They may be located between two clusters. Hence, it may be reasonable to assign them to 
two or even more clusters. Fuzzy clustering methods (Jain & Dubes, 1988, pp. 130—133) 
are one approach that allows multiple assignment. 

e Bayes estimation methods. In accordance with the general trend toward Bayesian statistics, 
Bayes estimation methods have been introduced for clustering techniques. One cluster 
program that has fully implemented a Bayes approach is AutoClass (Bacher et al., 2010, 
pp. 439-446). 


5 Criteria to determine the number of clusters 


The determination of the number of clusters is critical in clustering methods. Generally, the user 
must decide the number of clusters. Most implementations of cluster methods in software pack- 
ages provide formal criteria. Some implementations have automatized the decision and propose 
a certain cluster solution. However, these suggestions depend on the specified parameters and 
if these parameters are changed, the number of cluster changes, too. Therefore, even in these 
cases, the proposed cluster solution should be validated (see the next section). It might be the 
case that a different solution is more appropriate than that proposed. Further criteria, which are 
not used in the automatic proposal, are relevant. These further criteria might be interpretability, 
comprehensibility (small number of clusters is preferred), and minimal cluster size (each cluster 
should have at least a certain number of cases). 

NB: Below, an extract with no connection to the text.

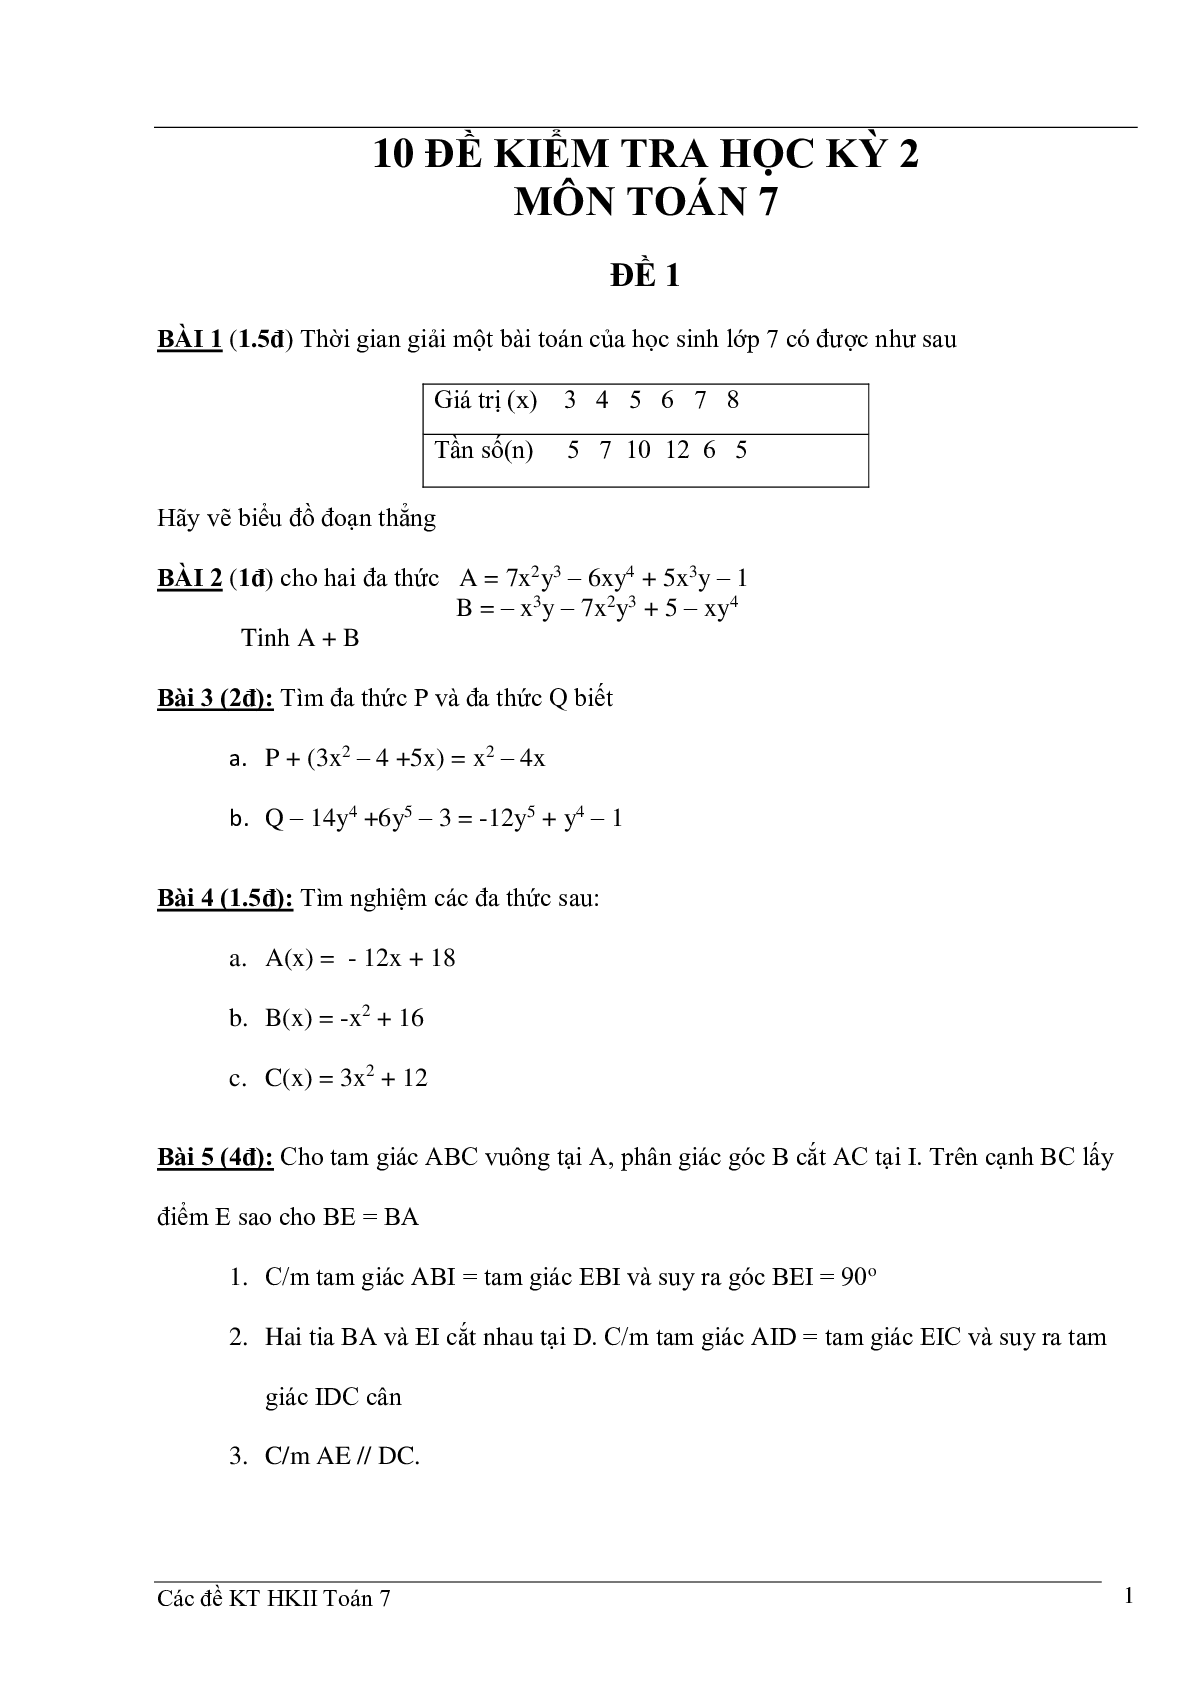 10 đề kiểm tra học kì 2 môn Toán 7 (trang 1)

The available formal criteria depend on the clustering methods. For hierarchical clustering 
methods the number of clusters is commonly fixed graphically. The user sets the number of 
clusters equal to the number of “hills” in the dendrogram. In Figure 19.2, two hills can be seen. 
Another graphical method is the inverse scree test (Lathrop & Williams, 1989), sometimes called 
the elbow test. Similar to explorative factor analysis, a scatter plot is generated. The number of 
clusters defines the x-axis, the value of the agglomeration schedule the y-axis (see Figure 19.4).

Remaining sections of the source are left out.